逆光

  嘘をつかれたら分かる。視線の動き、瞳孔の開きかた、声のうわずり、呼吸の変化、僅かに滲む汗。視界にとらえた情報を細かく脳が精査し、判断をくだす。なにも難しいことはない。この拡張された脳にとっては、の話だが。今日はそこかしこに嘘が流れる。面白い嘘、かわいい嘘、優しい嘘。どれも小さな嘘だろう。なにが真実でなにが偽りなのかはさして重要ではない。冗談を言い合って笑い合う、そういう行事なのだろう。
 どこか緩やかな空気が流れる廊下を歩く。行き先は決まっていない。今日は非番だし。ただ何もせず自室にいるのは気が滅入るからこうやってふらふらと彷徨っているだけ。休みなんかいらないと何度も言っているのに。叩けばいくらでも埃が出る機関が笑える話だ。労基なんか怖くないだろうし、法が適用されるのかだって怪しい。ここにはいろんな事情を抱えた人たちが集まっていて、火種はいくらでもある。金払いがいいのも、律儀に休みをよこすのも、簡単な予防線に過ぎない。機関に所属するエコーや改造人間が世の中に牙を向いたとき、自分たちに落ち度がないことを世間にアピールするためのいくつかの仕込みのうちのひとつ。私にはどうでもいいこと。
 進んでいるうちにすれ違う職員が少なくなっている。無意識に上階へと向かっていた。僅かに震える指先にはもう気が付いていた。オイルの切れた機械のようにぎこちない動きの足が何度か私をつまづかせたが、それでも帰ることはできなかった。ただ静かに階段を上っていくしかできないでいた。

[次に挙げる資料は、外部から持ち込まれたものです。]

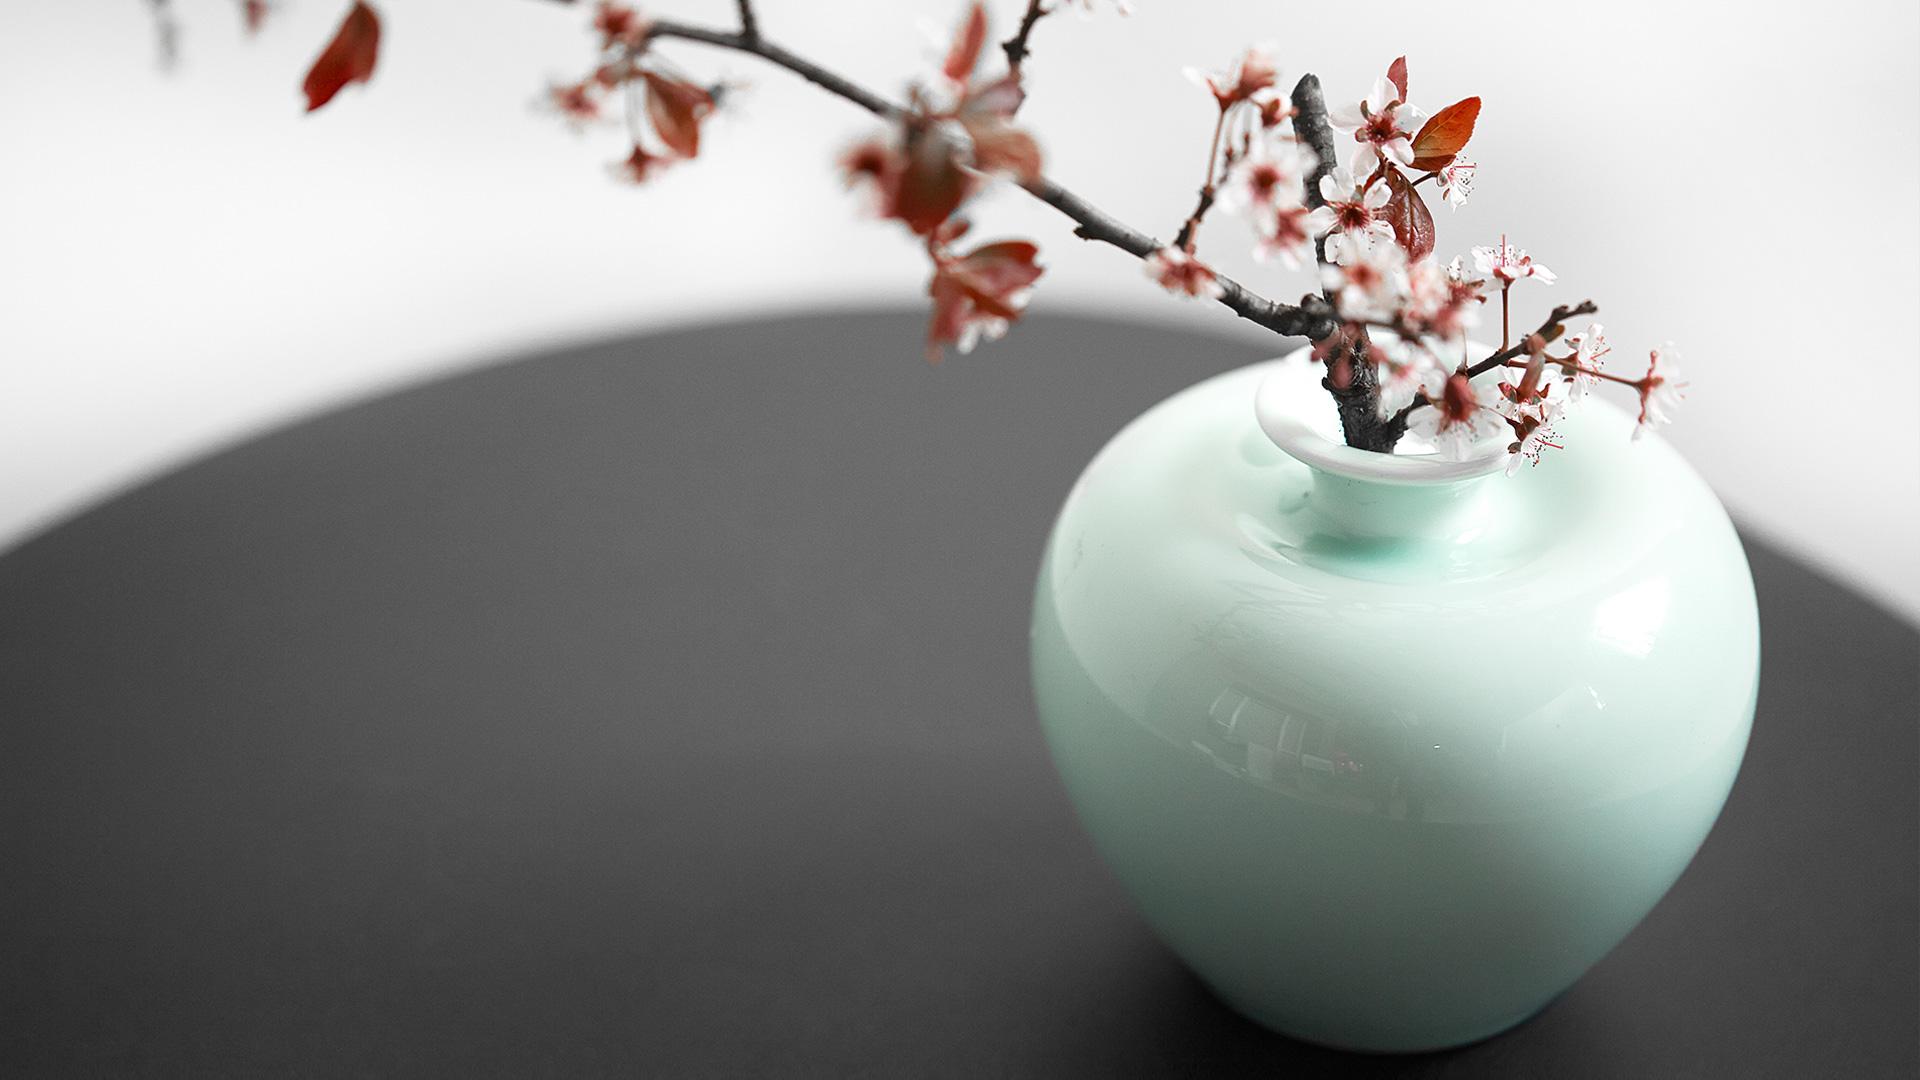 找到桌饰插花的乐趣,停下眼前的忙碌,随手摘一朵小花或是嫩枝,居室一隅立即弥漫清新的气息。?x-oss-process=image/format,jpg/interlace,1

 屋上へ続く最後の階段に差し掛かったとき、その頂点に何かの影を捉えて息が止まった。音が遠くなった気がしたのは一瞬のことで、張り詰めたものを意識的に吐き出して身体に酸素を回した。よく見るとそれは人影で、階段の一番上に座りこみ舟を漕いでいるようだった。一段あがるたびに輪郭が浮かんでくる。深緑の癖のある長い髪、すらっとした脚は小さく折りたたまれ、首がゆらゆらと揺れている。私が近づくと気配を感じたのか、緩やかに顔をあげた。
「ん~、ライリー?こんなところでどうしたの」
「散歩、かな。ラピナくんはお昼寝かい?」
「そうだよ。ここ、あったかいんだ」
屋上の扉についた窓から差し込む陽の光が、あたりを優しく照らしている。彼がいろいろなところで眠っているのは職員から話に聞いていた。どこも陽のあたる場所。穏やかかな寝顔にファンがついているようだった。彼はそんなことは露知らず、縮こまった筋肉を伸ばし大きなあくびをした。ぐうっとお腹の音が響く。
「へへ、お腹すいちゃった。おれもう行くね」
「起こしてすまなかったね。またね。」
彼は立ち上がり階段を降りようとする。が、立ち止まり思い出したかのように口を開いた。
「あっ、あの噂って嘘だったんだね」
「噂?なんのことだい」
人の秘密を暴くのは好きではない。暴かれるのも。誰にだって隠しておきたいことの1つや2つくらいあるだろう。
「高いところが苦手ってやつ」
彼は光を背負っていた。顔には深い黒が落ち、表情は伺えない。自分が唾を飲んだ音がはっきりと聞こえた。思わず後ずさりする。かかとが浮き重心が崩れた。
「ふふ、おれライリーのこと好きだよ」
そう言いながら彼が沈んでいくのを後ろ向きに倒れながら見ていた。不意に背中に何かが当たった。支えられたと理解するよりも早く、耳に声が流された。
「こころのなかに影を飼ってる」
顔が引きつって言葉が出ない。首筋を流れる汗に彼は気づいているのだろうか。
「いつか影のなかに入れてあげる。ただの人になったらいいよ」
呆然とする私を残して彼は去っていく。階段を下りていく彼の足音だけが響いていた。